Perhaps because his soul had fully merged with this world’s Jia Ji over the past three months, he felt no strangeness toward the trench-coated slicked-back man—natural, seamless, no barrier.
He’d spent hours descending the mountain, going through great trouble to borrow the motorcycle, just to get some fried chicken from the big city.
What? Think it’s overkill?
Have you ever seen fried chicken up close?
It has saved more lives than you can imagine!
To keep eating delicious fried chicken, I can’t let this world be destroyed by nuclear warheads!
Of course, it wasn’t just to satisfy his appetite—Jia Ji had another purpose: gathering information.
According to his past-life memories, Fist of the North Star had no fixed timeline.
Each episode began with zero frames, opening directly with “199X, a nuclear war erupted worldwide,” so he had no idea what year or month it currently was.
No problem—the biker gang base had an ancient radio called “Bibi Boy 3000,” and it would tell Jia Ji everything.
“Don’t break it—it’s expensive!”
Jia Ji switched through several channels, all reporting regional conflicts and terrorist attacks—how many had died, where fighting had broken out.
“The world’s not peaceful.”
The slicked-back man sighed beside him. Actually, this wasn’t new—since World War I, the entire planet had always been this chaotic, never truly at peace.
“I’m leaving.”
After getting the information he needed, Jia Ji sat a while longer, then stood to leave, still remembering to wave goodbye to his only friend.
As he walked, he savored his hearty burger, thinking: It’s October 1989 now. I arrived in July. Counting strictly, ten years from now is…

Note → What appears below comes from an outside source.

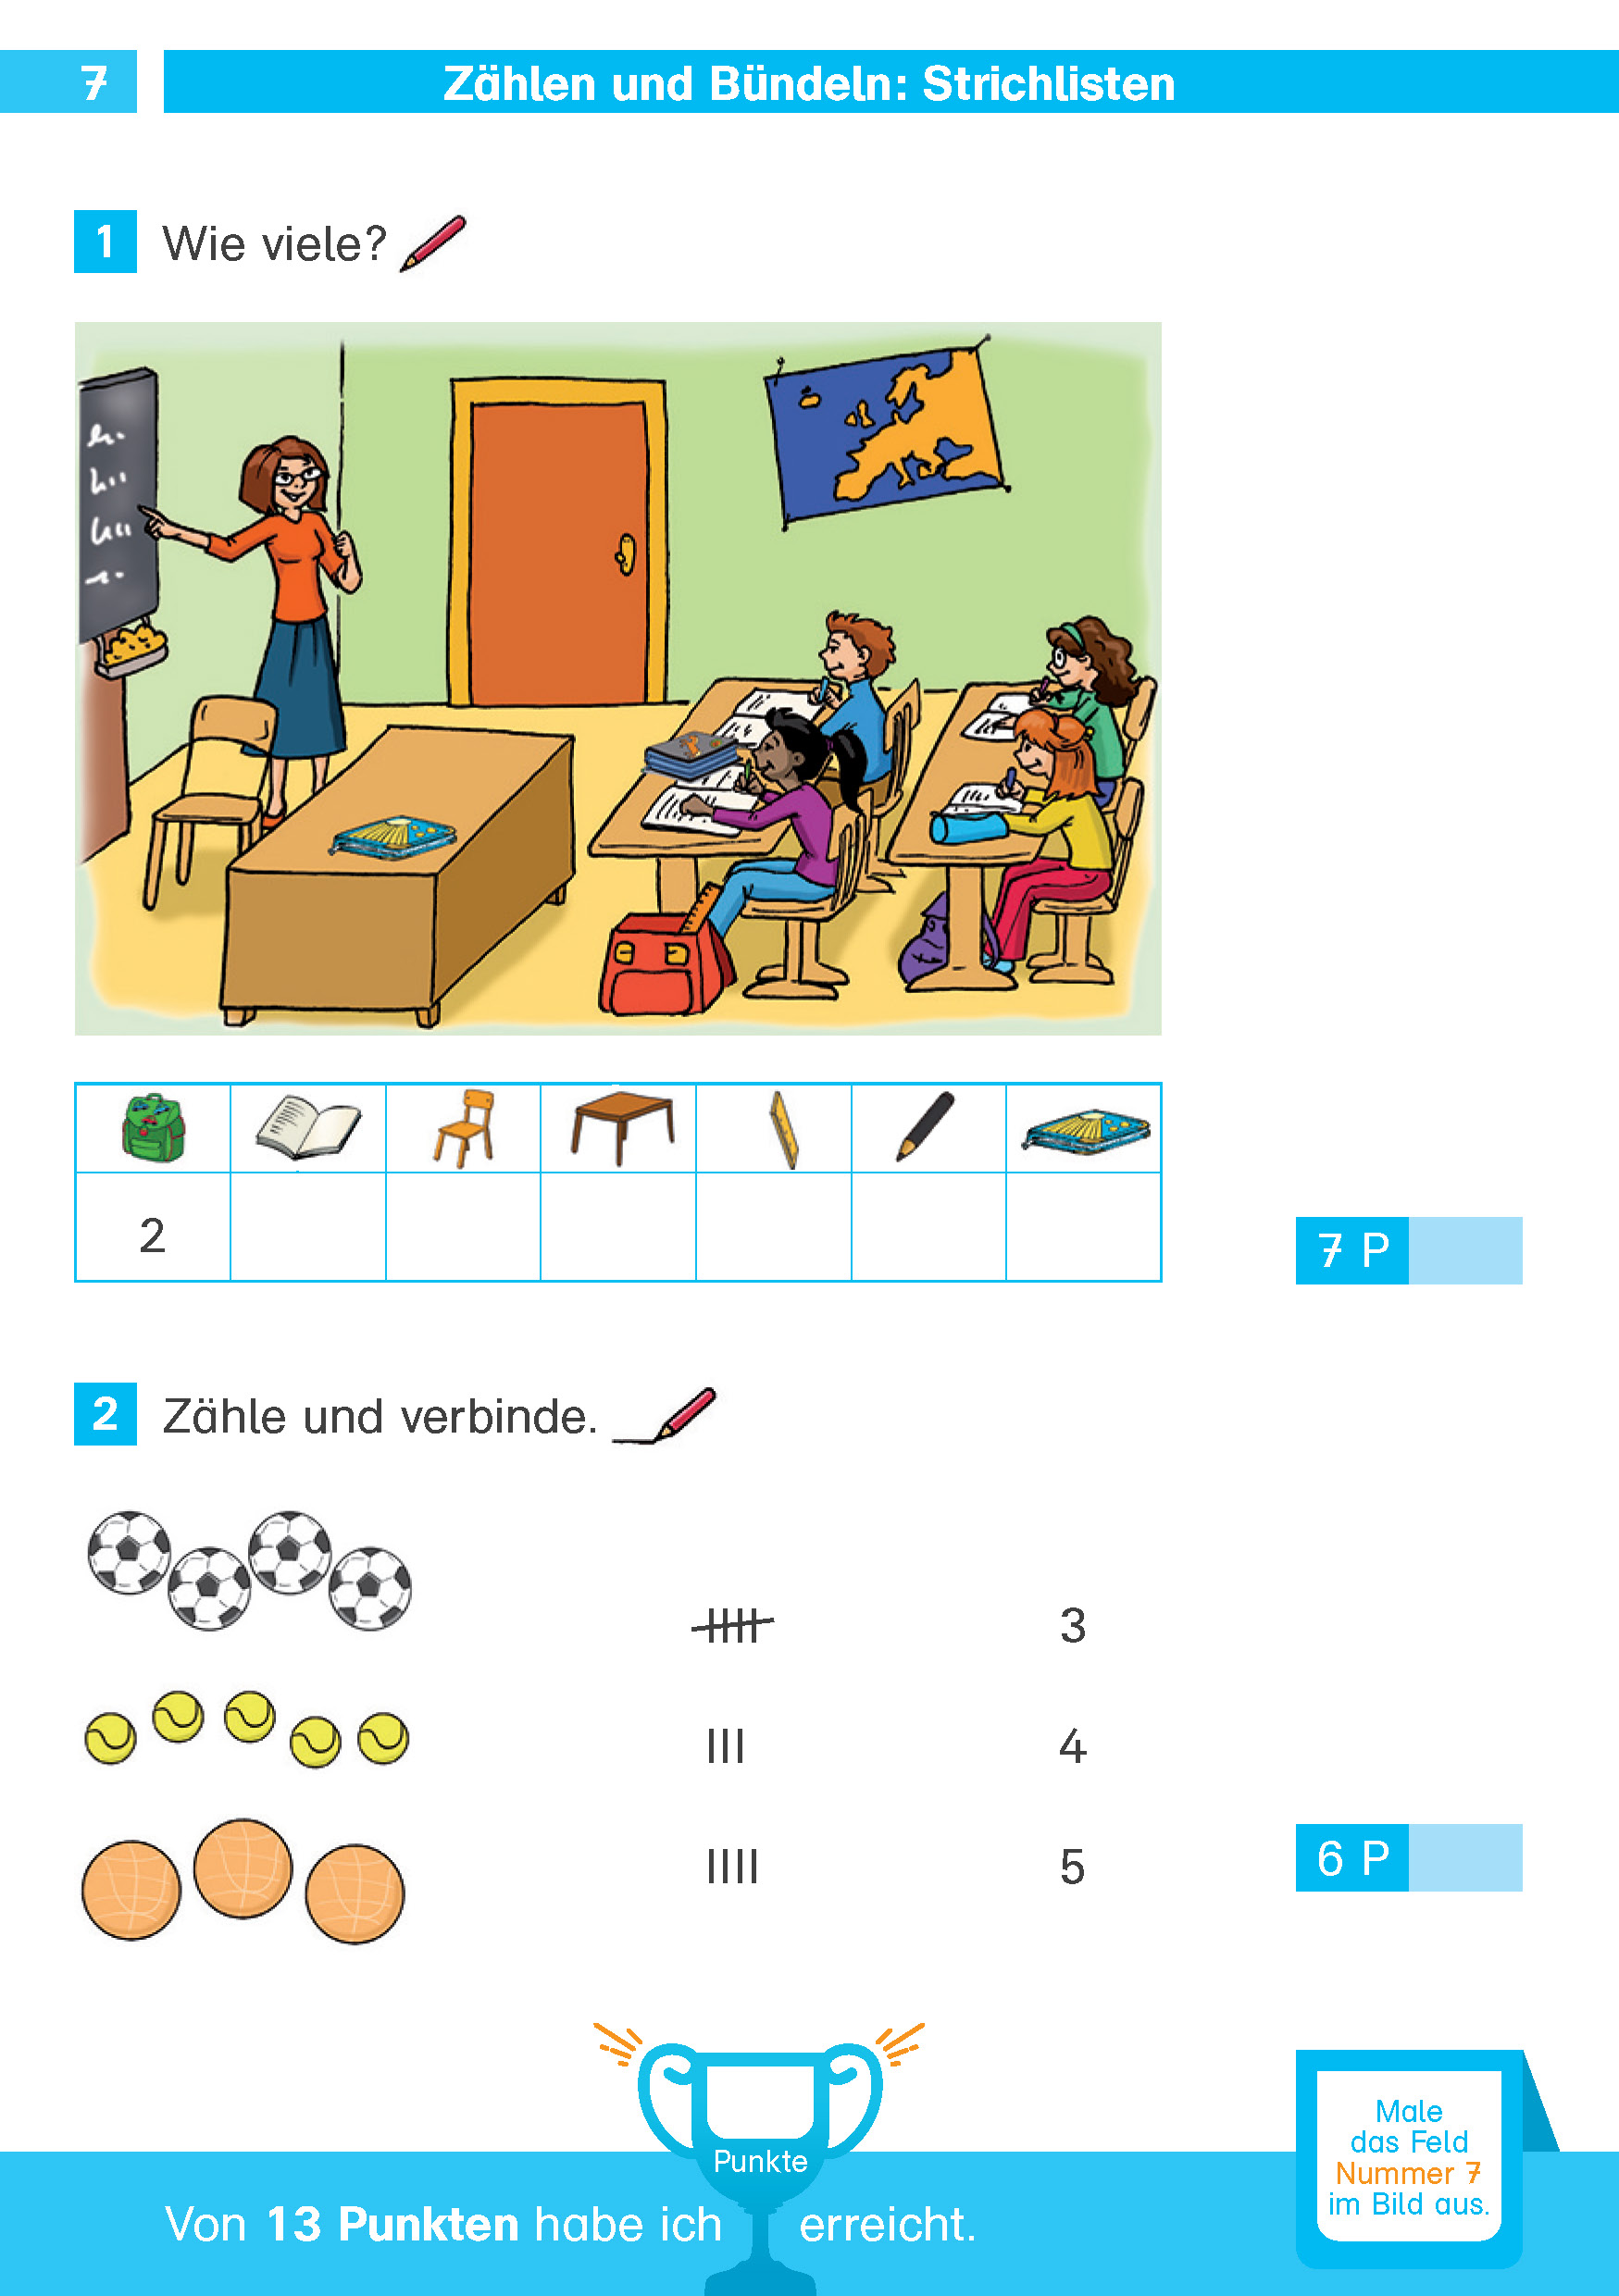 Klett Die Mathe-Helden: Mathe-Testblock So gut bin ich! 1. Klasse

Plop—the paper bag dropped to the ground, seven or eight burgers spilled out, but Jia Ji leapt up and pounded his own head—he suddenly understood.
“I should’ve realized sooner—it’s definitely 1999!”
Nostradamus’ prophecy: “In the year 1999, above the seventh month, the great king of terror descends from heaven, reviving the great king of Angolmois, and under Mars’ name of happiness, all four directions shall be ruled.”
What “great king of terror”? Just the king of nuclear warheads!
“Whoa! My teriyaki chicken leg burger!”
The end of the world can wait—right now, this indulgent meal matters more.
① The blond kid at the start is modeled after Fujita Kotone
② “It has saved more lives than you can imagine!” comes from Netflix’s Gundam: “Have you ever seen a Zaku up close? It has saved more lives than you can imagine!”
McDonald’s opened its first restaurant in Japan in 1971, so it’s reasonable to infer Drive-Thru service was introduced in the late 1970s or early 1980s alongside McDonald’s expansion in Japan. Amazing—the timing matches perfectly!
Why Cantonese later? Spontaneous idea—it felt fun. Used a translator; apologies for any inaccuracies.